I have heard that Cherry Shrimp can actually be better than Amano Shrimp....any truth to this statement? Also, how many Amano/Cherry shrimp should I put in a 29 gal tank??


----------



## ranmasatome (Aug 5, 2005)

better in what sense?


----------



## Laith (Sep 4, 2004)

Not sure either what you mean by better. One difference to take into account is that adult Amanos are quite a bit bigger than cherries. So they will fit into the mouths of less fish than the cherries...

But I think both will fit very nicely into the mouth of your Black Knife, especially as it grows. This fish is too big for a 29g. It can grow to up to 50cm long (20")  .


----------



## BJRuttenberg (Sep 25, 2005)

better algae eaters


----------



## bigstick120 (Mar 8, 2005)

And if your knife fish dont eat the shrimp I'm sure your rams will


----------



## RTR (Oct 28, 2005)

My rough rule of thumb is 2 gallons per shrimp for new tanks, but I normally reduce that number as the tank matures (3-6 months).

I do agree that your fish are likely to eat the shrimp, especially the Cherries - they are small.


----------



## BJRuttenberg (Sep 25, 2005)

I can get rid of the knife but the rams stay...and they're only about 1.5" I doubt they could/would eat the shrimp...would they?

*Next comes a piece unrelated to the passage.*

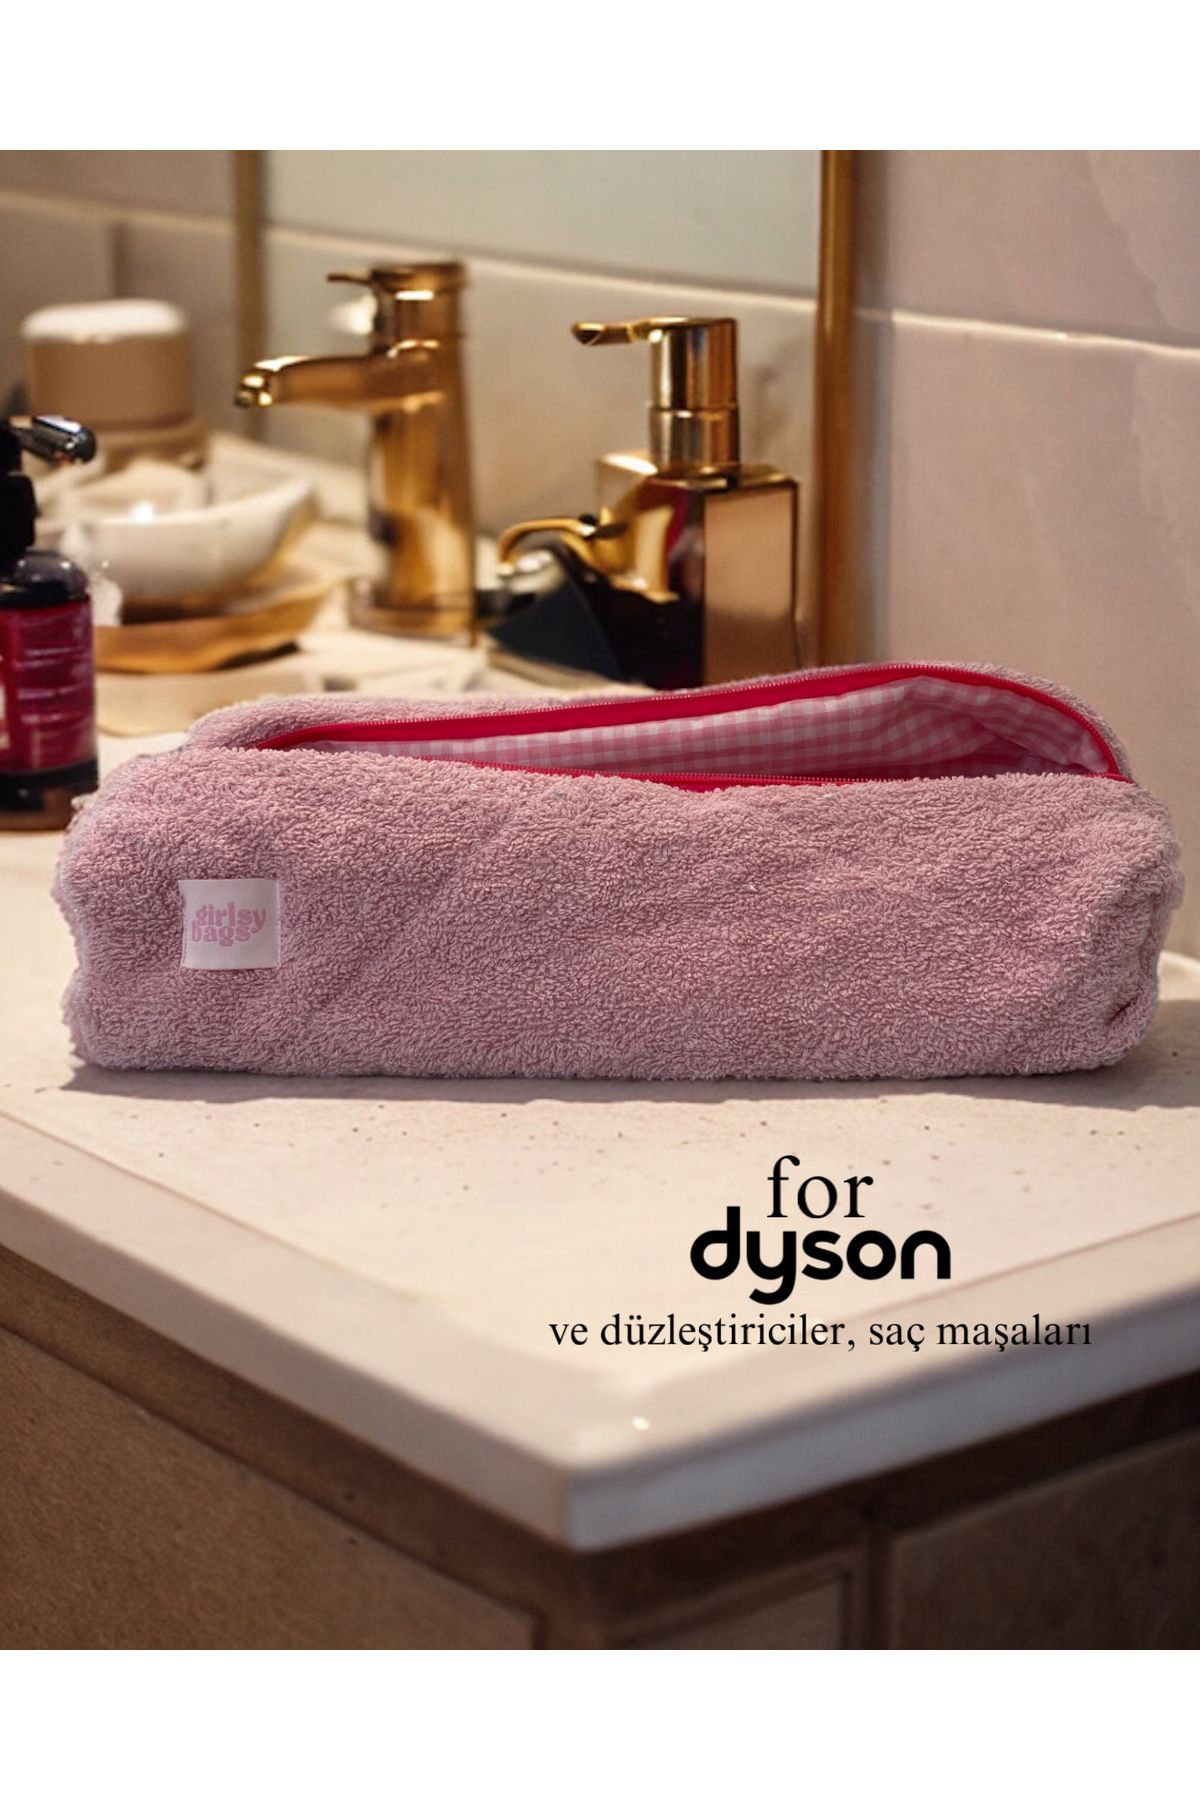 girlsybags Dyson Tüm Parçalar Için Çanta Pembe Havlu Düzleştirici Saç Maşası Çantası Büyük Makyaj Çanta Xxl

SO if this were your tank, and you wanted to put shrimp in it...what would you do? Obviously get rid of the Knife...and buy Amano's??? About 15?


----------



## Laith (Sep 4, 2004)

I have Amanos with Rams with no problems. I've got 25 Amanos in a 250l tank and 20 Amanos in a 200l tank.

15 Amanos would be good in a 29g.


----------



## BryceM (Nov 6, 2005)

Whats the biggest fish that people are keeping with shrimp? I'd like to get some once I get another tank or two going.


----------



## Sully (Nov 11, 2005)

I would go with Amanos, but before I introduce them. I would look around for 30 cent ghost shrimp from walmart to see the rams and any other fish will make a snack out of them. If the ghosts survive, then you'll probably be okay with Amanos. I would do about 10-15 for a 29 gallon tank. Start out small, you can always add more if you need or want to.

-SULLY


----------



## Sully (Nov 11, 2005)

guaiac_boy said:


> Whats the biggest fish that people are keeping with shrimp? I'd like to get some once I get another tank or two going.


My biggest fish is serphae tetras, and dwarf puffer fish. No problems.

-SULLY


----------